This notebook explores identifying multiword expressions using the part-of-speech filtering technique of Justeson and Katz (1995), "[Technical terminology: some linguistic properties and an algorithm for identification in text](https://brenocon.com/JustesonKatz1995.pdf)".

In [None]:
import spacy, re
from collections import Counter

In [None]:
nlp = spacy.load('en', disable=['ner,parser'])
nlp.remove_pipe('ner')
nlp.remove_pipe('parser')

# workaround for those getting an error loading the sapcy 'en' module:
# nlp = spacy.load('en_core_web_sm', disable=['ner,parser'])

In [None]:
def getTokens(filename):
    
    """ Read the first 1000 lines of an input file """
    tokens=[]
    with open(filename) as file:
        for idx,line in enumerate(file):
            tokens.extend(nlp(line))
            if idx > 1000:
                break
    return tokens

In [None]:
tokens=getTokens("../data/wiki.10K.txt")
print(len(tokens))

In [None]:
words=[x.text for x in tokens]

Let's simplify the POS tags to make the regex easier to understand.

In [None]:
adjectives=set(["JJ", "JJR", "JJS"])
nouns=set(["NN", "NNS", "NNP", "NNPS"])

taglist=[]
for x in tokens:
    if x.tag_ in adjectives:
        taglist.append("ADJ")
    elif x.tag_ in nouns:
        taglist.append("NOUN")
    elif x.tag == "IN":
        taglist.append("PREP")
    else:
        taglist.append("O")
                
tags=' '.join(taglist)        

In [None]:
def getChar2TokenMap(tags):
    
    """  We'll search over the postag sequence, so we need to get the token ID for any
    character to be able to match the word token. """
    
    ws=re.compile(" ")
    char2token={}

    lastStart=0
    for idx, m in enumerate(ws.finditer(tags)):
        char2token[lastStart]=idx
        lastStart=m.start()+1
        
    return char2token

def getToken(tokenId, char2token):
    
    """ Find the token ID for given character in the POS sequence """
    while(tokenId > 0):
        if tokenId in char2token:
            return char2token[tokenId]
        tokenId-=1
    return None

In [None]:
char2token=getChar2TokenMap(tags)

Now let's find all sequences of POS tags that match the Justeson and Katz pattern of `(((ADJ|NOUN) )+|((ADJ|NOUN) )*(NOUN PREP )((ADJ|NOUN) )*)NOUN`

"In words, a candidate term is a multi-word noun phrase; and it either is a string of nouns and/or adjectives, ending in a noun, or it consists of two such strings, separated by a single preposition." (JK 17)

In [None]:
p = re.compile("(((ADJ|NOUN) )+|((ADJ|NOUN) )*(NOUN PREP )((ADJ|NOUN) )*)NOUN")

mweCount=Counter()

for m in p.finditer(tags):
    startToken=getToken(m.start(),char2token)
    endToken=getToken(m.end(),char2token)
    mwe=' '.join(words[startToken:endToken+1])
    mweCount[mwe]+=1

for k,v in mweCount.most_common(100):
    print(k,v)

We'll define our MWE dictionary to be the 1000 most frequent sequences matched.

In [None]:
my_mwe=[k for (k,v) in mweCount.most_common(1000)]
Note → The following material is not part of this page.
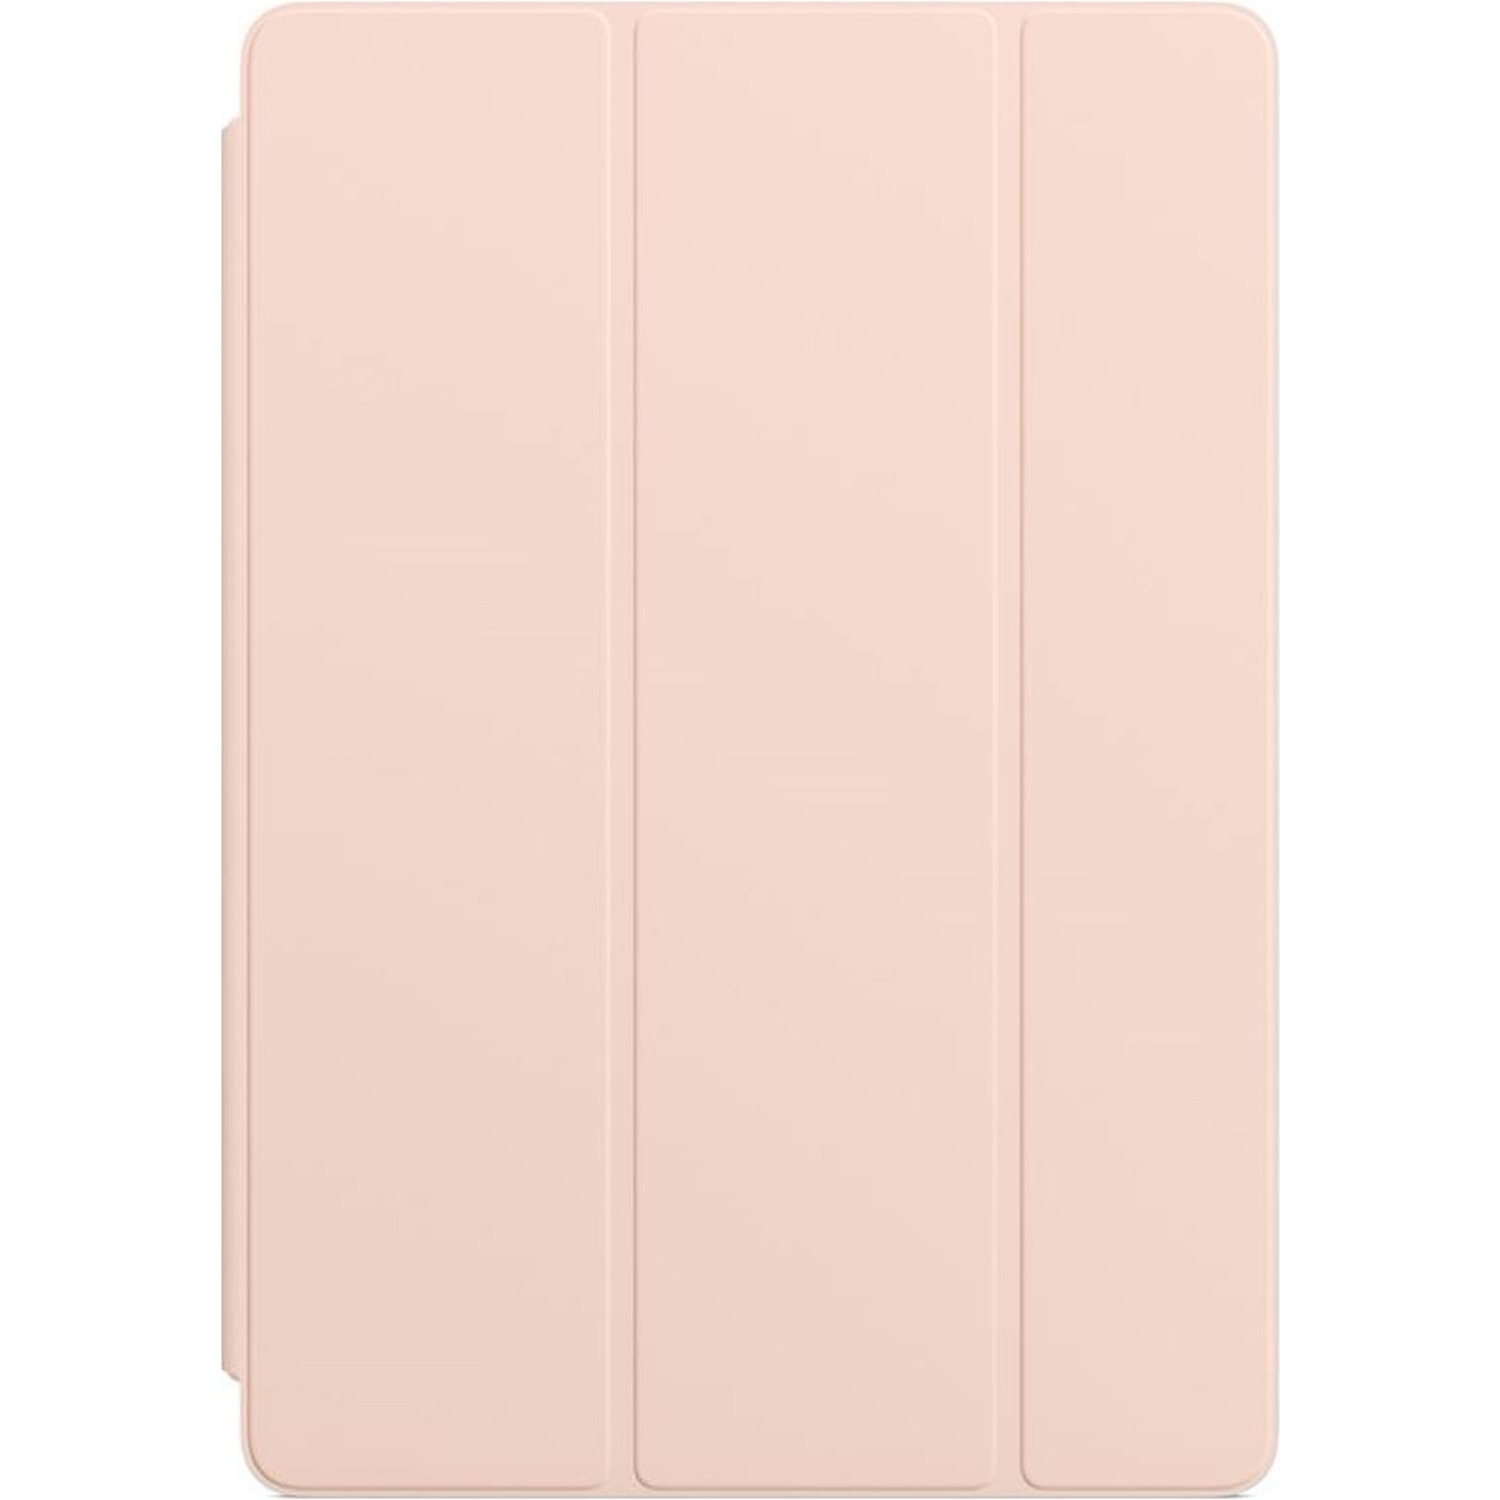 Immagine per Smart Cover Apple per iPad e iPad air pink        MVQ42ZM/A da DIMOStore

Now let's transform each MWE into a single token (e.g., replace `New York City` with `New_York_City`)

In [None]:
def replaceMWE(text, mweList):
    
    """ Replace all instances of MWEs in text with single token 
    
    MWEs are ranked from longest to shortest so that longest replacements are made first (e.g.,
    "New York City" is matched first before "New York")
    
    """
    
    sorted_by_length = sorted(mweList, key=len, reverse=True)
    for mwe in sorted_by_length:
        text=re.sub(re.escape(mwe), re.sub(" ", "_", mwe), text)
    return text

In [None]:
processedText=replaceMWE("The New York Times is located in New York City", my_mwe)

In [None]:
print(processedText)

Q1. Plug in your own data into `getTokens` above and identify the MWE it contains.  How do you think MWE would perform for your classification task?